Starting in the 50’s, all three became essential parts in the revitalization of the horror genre after the Universal monster era. Lee and Cushing helped create the movie production powerhouse that was Hammer Studios by recreating the Universal monsters Dracula, Frankenstein, and The Mummy in lurid color and expanding that universe. Price teamed up with director Roger Corman and reimagined the writings of Poe and Lovecraft for a modern audience. They all springboarded into other projects, creating their own immortal characters such as Lee’s Lord Summerisle, Cushing’s Grimsdyke, and Price’s Dr. Phibes, among others.
Lee and Cushing, of course, acted together many times as adversaries in the Hammer films, as well as other projects. Both men also had projects with Price, but the three only appeared together in two films, SCREAM AND SCREAM AGAIN (1970) and HOUSE OF THE LONG SHADOWS (1983). Only in HOUSE OF THE LONG SHADOWS do the three interact with each other.
SCREAM AND SCREAM AGAIN, directed by Gordon Hessler and adapted by Christopher Wicking, is a strange jangle of a film. A Nazi-like military cult is creating super-human beings running amok in London, and young girls are turning up bloodless and mutilated. Unfortunately, Cushing, one of the cult Commanders, is killed off early. Lee plays a government official who only really shows up at the end. It is a Price film, with him playing a terribly misguided mad doctor creating a Super Race. It is a typical 70’s Brit film, complete with a mod rock band, The Amen Corner, singing the theme song. Over and over. The best part of the movie is the end, as Lee drowns Price in a vat of acid, using only his signature demonic glare.

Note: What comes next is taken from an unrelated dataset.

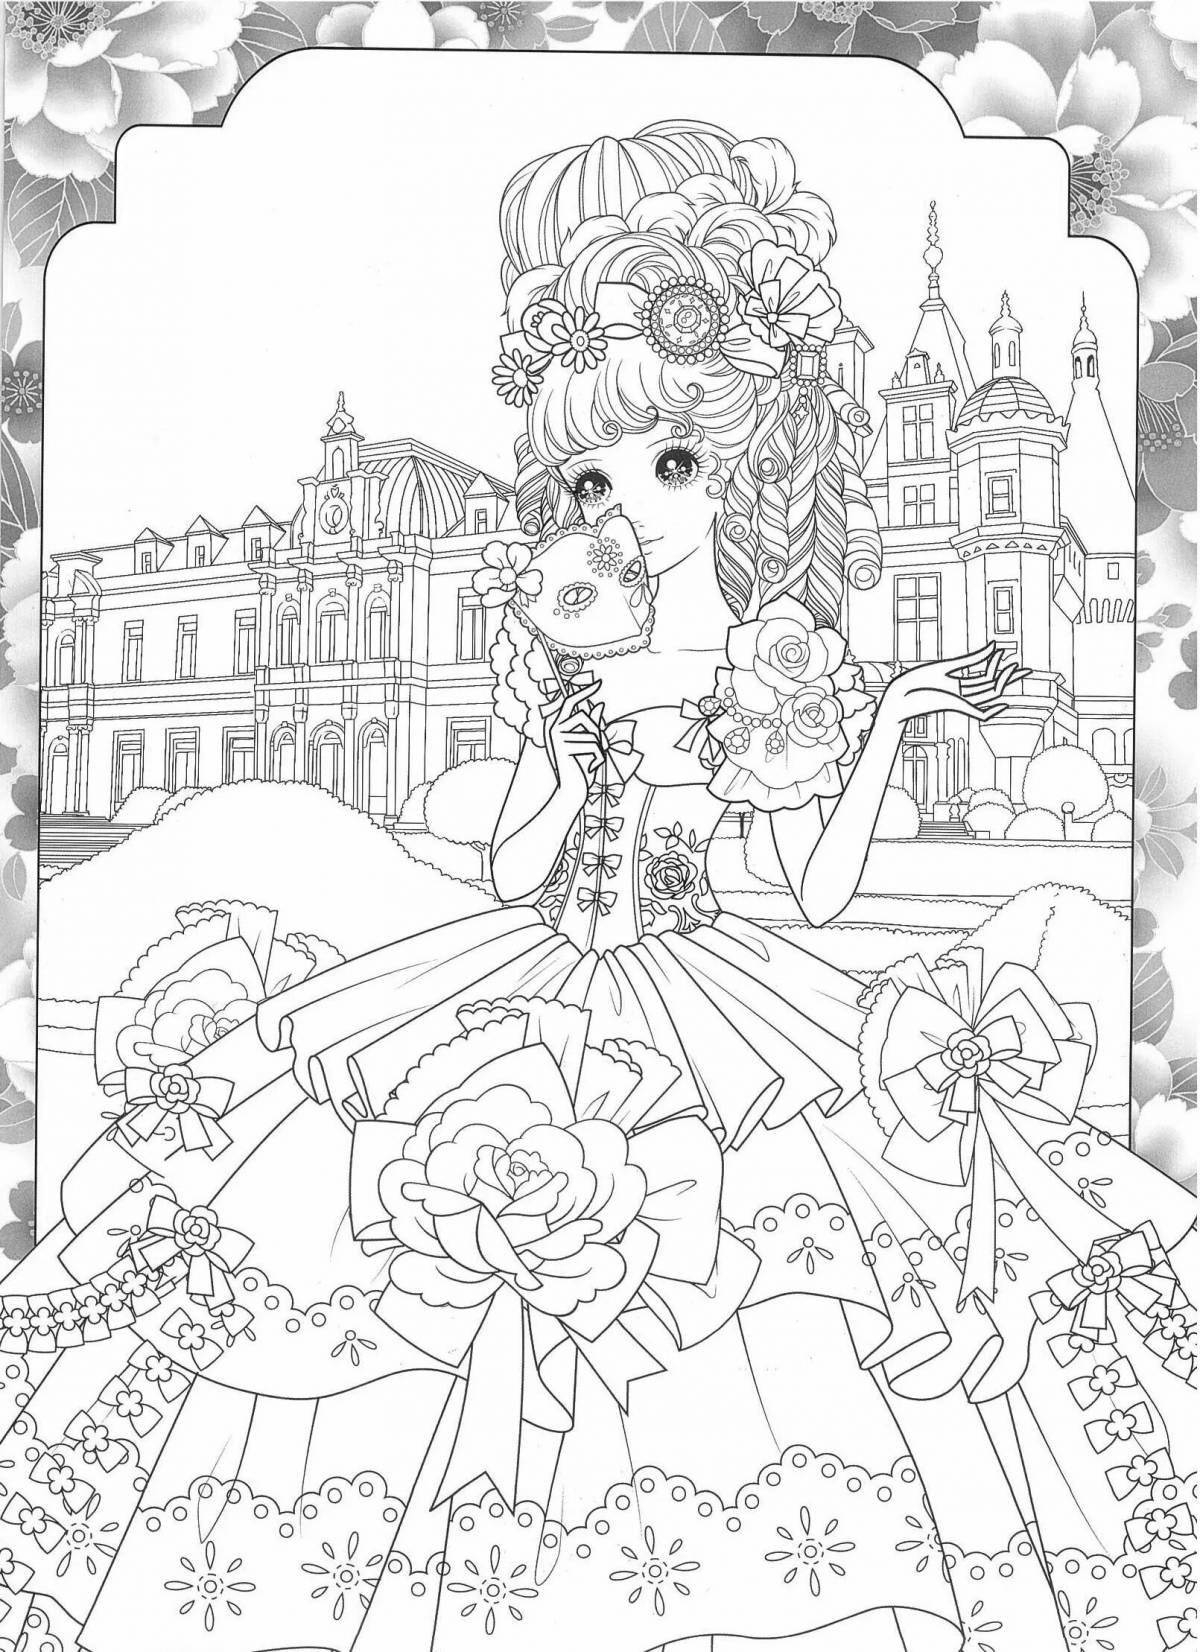 Elegant princess coloring book

HOUSE OF THE LONG SHADOWS, which also stars John Carradine, is a showcase for Lee, Cushing, and Price. It was directed by Pete Walker and adapted by Michael Armstrong. Desi Arnaz, Jr. is a jaded writer who makes a bet with his publisher that he can churn out an epic novel like WUTHERING HEIGHTS in a mere 24 hours. He spends the night in an old Welsh manor that is supposed to be deserted, only to find himself caught up in a mystery with an eccentric group of characters.
Cushing, Price, and Lee all make entrances that reflect each of their own particular images. Peter Cushing is the soft-spoken country gentleman. He was often the beleaguered defender of Good against Evil, or he was the tormented seeker of forbidden knowledge. He always seemed to have a fragility and reticence unlike the other two. There seemed an underlying current of nervous energy in Cushing’s characters. He was the Knight.
Vincent Price makes his entrance as the over-the-top stage actor persona he was best known for. He even admonishes Arnaz, “Don’t interrupt me while I’m soliloquizing.” Price was the Jester of Horror. He had the unique gift of mixing theater, horror and comedy. He could make jokes while torturing you to death. The only thing missing in this film is his smoking jacket.
Christopher Lee is the Dark Prince. He carried himself with a natural sense of royalty. He swoops in with his cape and even though he isn’t playing Dracula, he has an ominous charm that draws us in as it terrifies us. He was the magnetic pull of every scene but also a generous actor who knew how to create space with his fellow actors.
The ending of HOUSE OF THE LONG SHADOWS reveals the mystery to be an elaborate hoax orchestrated by the publisher on Arnaz with the help of a group of actors. During a party scene, the three greats joke together and it comes across that they had genuine respect and affection for each other. Cushing, Price and Lee weren’t just great actors, they each led fascinating lives off screen and that depth of character magnified every role they played.